Tuesday, March 18, 2008

Thoughts

A 400 point rally. Second one in two weeks. After yesterday and hearing all the talking heads, really no surprise here. So my thoughts going forward. First, Wall St. are idiots. There is no reason we should be rallying but I thought last week listening to what the talking heads said that we were headed for a bounce and that got postponed by Bear and now that is past there is even more evidence of a good bounce. For the most part I ignore technical indicators but we are playing a probability game and when things become so extreme, when they get so out of whack, if you own puts to protect a name it can make sense to take off that protection. The probabilities get so far in your favor. All of 2006 I did not look at the VIX or put call ratio. They never go so extreme to scream so loudly that you could add and take off protection or short exposure.

The game plan seemed to work pretty well for me. I said if the market opened down between -100 and -500 to do nothing. That is what happened and besides covering about 40% of my Lehman short (wish now I would have covered it all) because it opened down 40% I did nothing. I watched. I also said probably sell any major rallies but that is where the art comes in. As the day progressed you could tell by the tape, the breadth, the overall confidence returning to the system that it was not a good time to sell and to start buying or pulling back the protection. Like I said this is where the art of investing comes in. I wish things were more normal but you are getting moves in massive companies that you don't see in six months or a year much less a week. They are more like technology penny stocks than blue chip companies. If you are short Lehman, boom in two days you are up 60% (Lehman is down). You got to start covering. If you bought Lehman after the down move in 24 hrs you had an 80% move up. You have to sell that 24 hours later. Does that make you a trader? Not really because if you thought it was a fifty cent dollar you received almost full valuation in 24 hours. I could name name after name like that (less extreme). Guys like me struggle with this. We buy something with the expectation that we will be holding it for a year, two years, five years and feel amost dirty if we sell it two days later. Well if you buy something and it moves up 20% two days later, you do not have to sell all out but it makes sense to take profits. These are just massive moves.

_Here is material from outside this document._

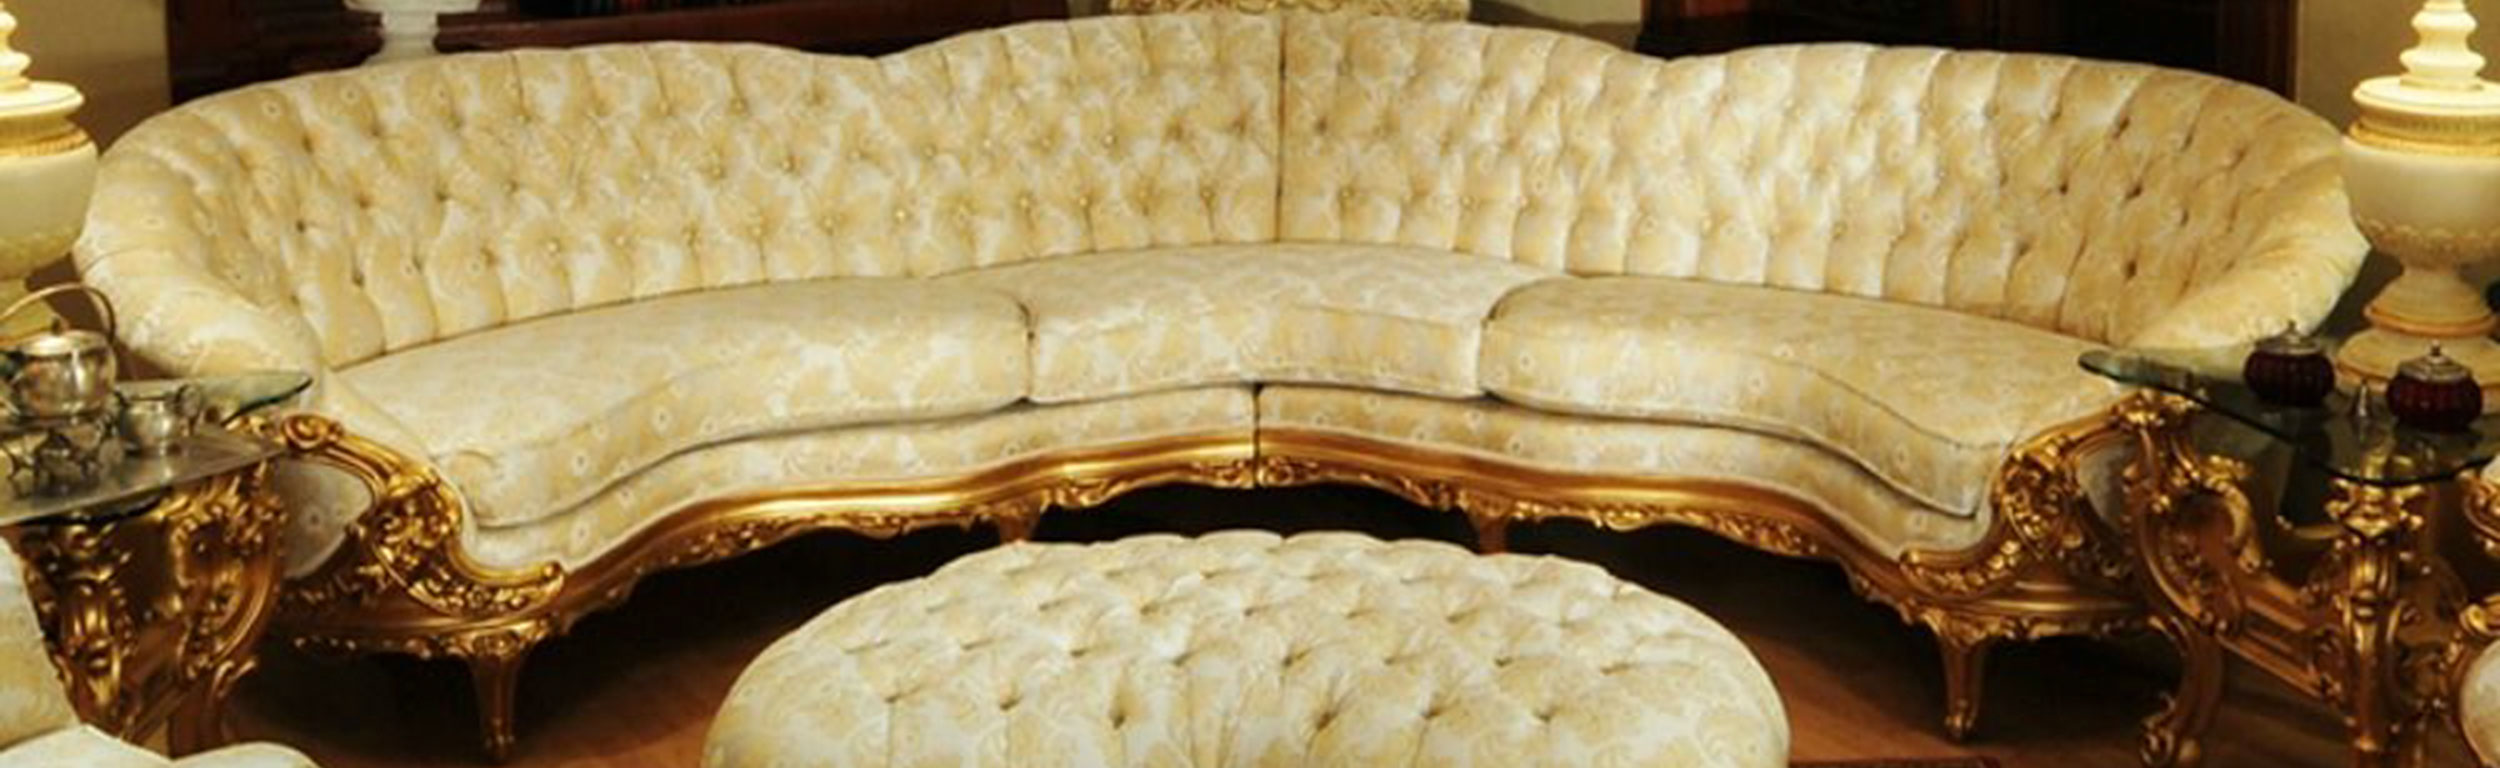 Don Green Upholstery Piedmont (864)277-3795

Fundamentally I do not think anything has really changed. The Fed is finally living up to its reputation in dropping loads of cash from helicopters. That is restoring enough confidence where money is starting to return to the market. That Pavlovian response is good for a decent rally I think but in my opinion it is a wrong response. Commercial real estate still has not started to blow up and corporate defaults also have not started. The mortgage mess is still in mid innings at the very best. Ambac and MBIA (remember them?) are going to have serious problems which will create the second round of saga with these guys. The Fed is addressing the liquidity issues and the market is focusing on that, the solvency issues are not done with however. Time will bring them back to the forefront.

In these types of markets the artistic skills of adding protection and taking off protection and shorting and taking off shorts are invaluable. The main thing is if you make a wrong call you are conservative enough where it does not cripple you.

4 comments:

Justin said...

MS,

Hmmm...it's a tough one. I tend to agree with you that this is just a bounce and the fundamentals haven't changed.

That being said, sentiment drives markets in the short term and sometimes right into the medium term, and I have a little itch that sentiment may have turned.

I read today that the bottom of all/most busts is generally associated with the burn up of a major player - Drexel Burnham in the 80's, LTCM in the 90's and a couple of others at different times of market malaise. Apparently the market bottomed within a few days of such an occurence and within 6 months was 15 to 30% higher.

Of course, who's to say Bear is the LTCM or Drexel of this market? As I said, the fundamentals haven't actually changed; we're still hopelessly addicted to credit and inflation is starting to become an issue.

Market Seer said...

Exactly. That is the Pavlovian response I think we are seeing now. The bottom of all busts are generally associated with a failure of a major player. This markes a bottom so by definition everyone from CNBC to Columnist are calling a bottom. When has that ever worked out? This is what is in everyones recent memory though. That is the consensus wisdom right now.

It is just like the consensus wisdom back in August when the Fed cut and everything was supposed to be okay and we made new highs in late October. The consensus wisdom was wrong and I bet heavily against it and I I think it is wrong now and will probably eventually bet heavily against it. It will take time to play out though. 2 weeks, 4 weeks, 6 weeks?

The Bank of New York was a huge blow up in 1930(I think it was 1930 and not 1931?) That did not mark the bottom obviously. Not calling for something similar but things fundamentally have not turned and I think are getting worse. We have had three liquidity crises each one getting worse. One in August, one in July and now one in March. The next one I think will surround Ambac and MBIA as that problem when you start digging into it is nowhere near solved. It has a band aide currently.

Market Seer said...

supposed to be January not July in referring to the liquidty crises

Justin said...

Ah, that little rally in October, I wish I had been selling into it :-)

Oh well, maybe this time!

I agree MBIA and Ambac will be key to how this ends or when it ends, but I suspect it may end up the same way as Bear - recapitalised by a combo of the Fed and a major player and the problems effectively 'hidden' under the carpet somehow. These institutions are just way too big to fail.